- Education: SOAS, University of London

= Elizabeth Errington =

Numismatist

Elizabeth Errington is a specialist on the archaeology of Gandhara and the collections of Charles Masson, and a numismatist specialising in Asian coins.

==Biography==
Errington grew up in Potchefstroom in South Africa and gained a diploma at the Johannesburg School of Art in 1967. Subsequently she worked as a graphic designer in South Africa and London. Errington entered the School of Oriental and African Studies in 1977 and gained her B.A. Honours in Near and Middle East History and Archaeology in 1980. Errington then worked part-time on her PhD from 1980-1987 on 19th-century archaeology in Gandhara and Afghanistan entitled: The Western Discovery of the Art of Gandhara and the Finds of Jamalgarhi.

Errington worked for the British Institute of Persian Studies in 1988 preparing the catalogue of the Ghubayra Excavations, Iran, for publication.

After her PhD at the School of Oriental and African Studies, Errington worked on the "Crossroads of Asia" exhibition and catalogue at the Fitzwilliam Museum, Cambridge, 1992. She then joined the Department of Coins and Medals at the British Museum, working with Joe Cribb, Helen Wang, Vesta Sarkhosh Curtis, and Robert Bracey on Asian coins, making a significant contribution to Silk Road Numismatics.

A major project - the Charles Masson Project - was completed in 2021 with the publication of the third and final volume on the Masson Collection at the British Museum.

Errington is an advisor to Oxford University's Gandhara Connections project.

==Publications==
Catalogues resulting from the Masson Project
- Charles Masson and the Buddhist Sites of Afghanistan: Explorations, Excavations, Collections 1832-1835, by Elizabeth Errington, British Museum Research Publication 215 (2017).
- The Charles Masson Archive: British Library, British Museum and Other Documents Relating to the 1832–1838 Masson Collection from Afghanistan, by Elizabeth Errington, assisted by Piers Baker, Kirstin Leighton-Boyce and Wannaporn Kay Rienjang, British Museum Research Publication 216 (2017).
- Charles Masson: Collections from Begram and Kabul Bazaar, Afghanistan 1833–1838, by Elizabeth Errington, with contributions by Joe Cribb, Lauren Morris, Piers Baker, Paramdip Khera, Chantal Fabregues, Kirstin Leighton-Boyce and Wannaporn Kay Rienjang, British Museum Research Publication 219 (2021).
Selected Other Publications
- E. Errington and V.S. Curtis, From Persepolisto the Punjab.

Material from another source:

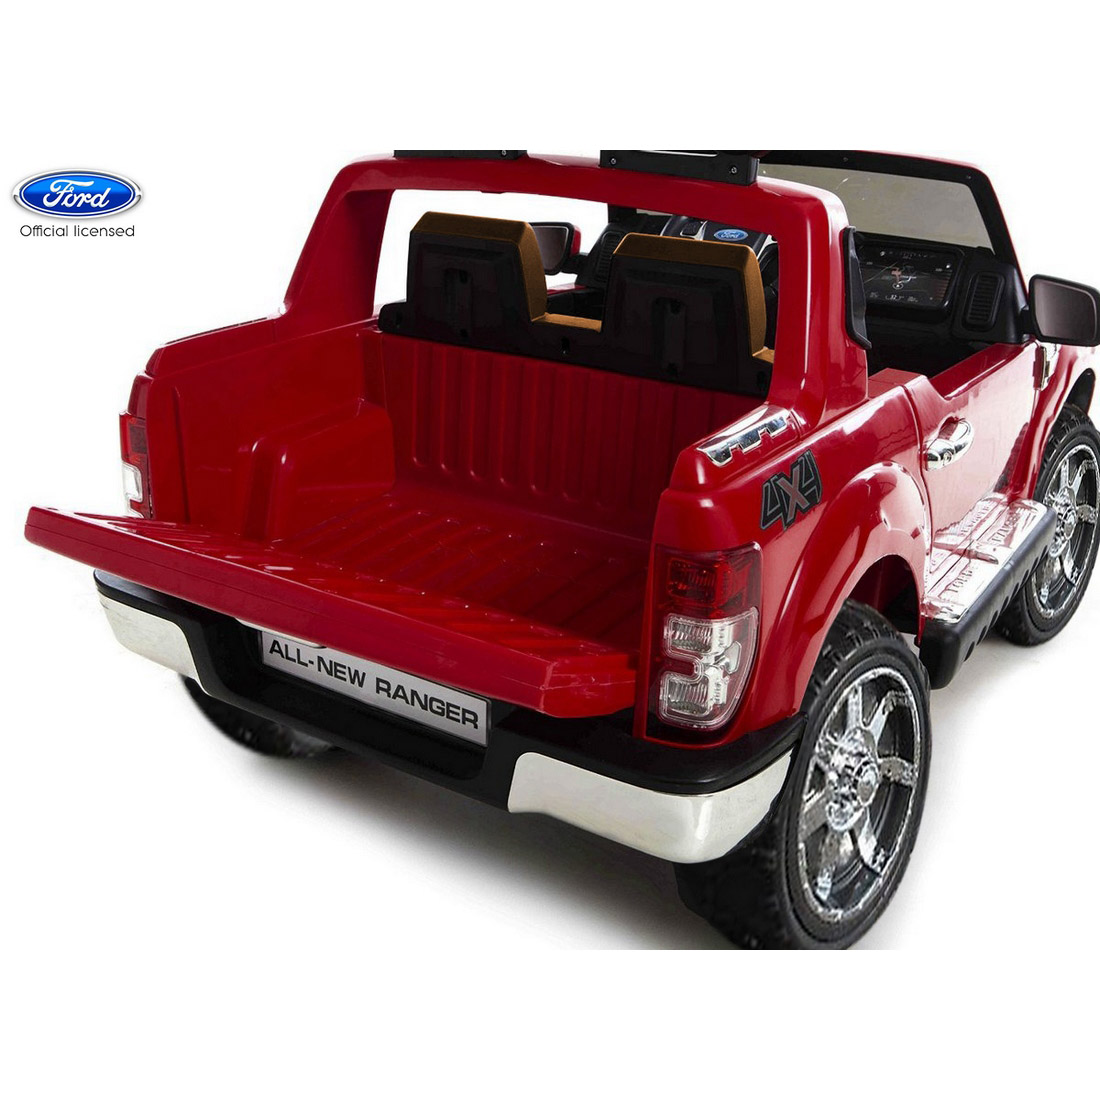 электромобиль форд 150 #11

Exploring the Past in Iran, Afghanistan and Pakistan (London, The British Museum Press, 2007), passim.
- E. Errington, ‘“Boots”, “female idols” and disembodied heads’, Journal of Inner Asian Art and Archaeology I (2006), pp. 89–96
- E. Errington, ‘Charles Masson’, Encyclopaedia Iranica online (2004)
- E. Errington, ‘Ancient Afghanistan through the eyes of Charles Masson: the Masson Project at the British Museum’, International Institute for Asian Studies Newsletter (March 2002), pp. 8–9
- E. Errington, ‘The collections of Charles Masson (1800-53)’, Circle of Inner Asian Art Newsletter 15 (2002), pp. 29–30
- E. Errington, ‘Discovering ancient Afghanistan, The Masson Collection’, Minerva 13/6 (2002), pp. 53–5
- E. Errington, ‘Discovering ancient Afghanistan’, British Museum Magazine 44 (2002), p. 8
- E. Errington, ‘Charles Masson and Begram’, Topoi 11/1 (2001 [2003]), pp. 357–409
- A.D.H. Bivar; Geza Fehervari; Patricia Baker; Elizabeth Errington; Nigel Errington; Susan Tyler-Smith; Mehrdad Shokoohy Excavations at Ghubayra, Iran, 1971-1976 2000 (School of Oriental and African Studies, University of London)
- E. Errington, ‘Rediscovering the collections of Charles Masson’, in M. Alram and D. E. Klimburg-Salter (eds.) Coins, Art and Chronology. Essays on the pre-Islamic History of the Indo-Iranian Borderlands (Vienna, Österreichische Akademie der Wissenschaften, 1999), pp. 207–37
- E. Errington, Joe Cribb, Maggie Claringbull, The Crossroads of Asia : transformation in image and symbol in the art of ancient Afghanistan and Pakistan, Cambridge: Ancient India and Iran Trust, 1992.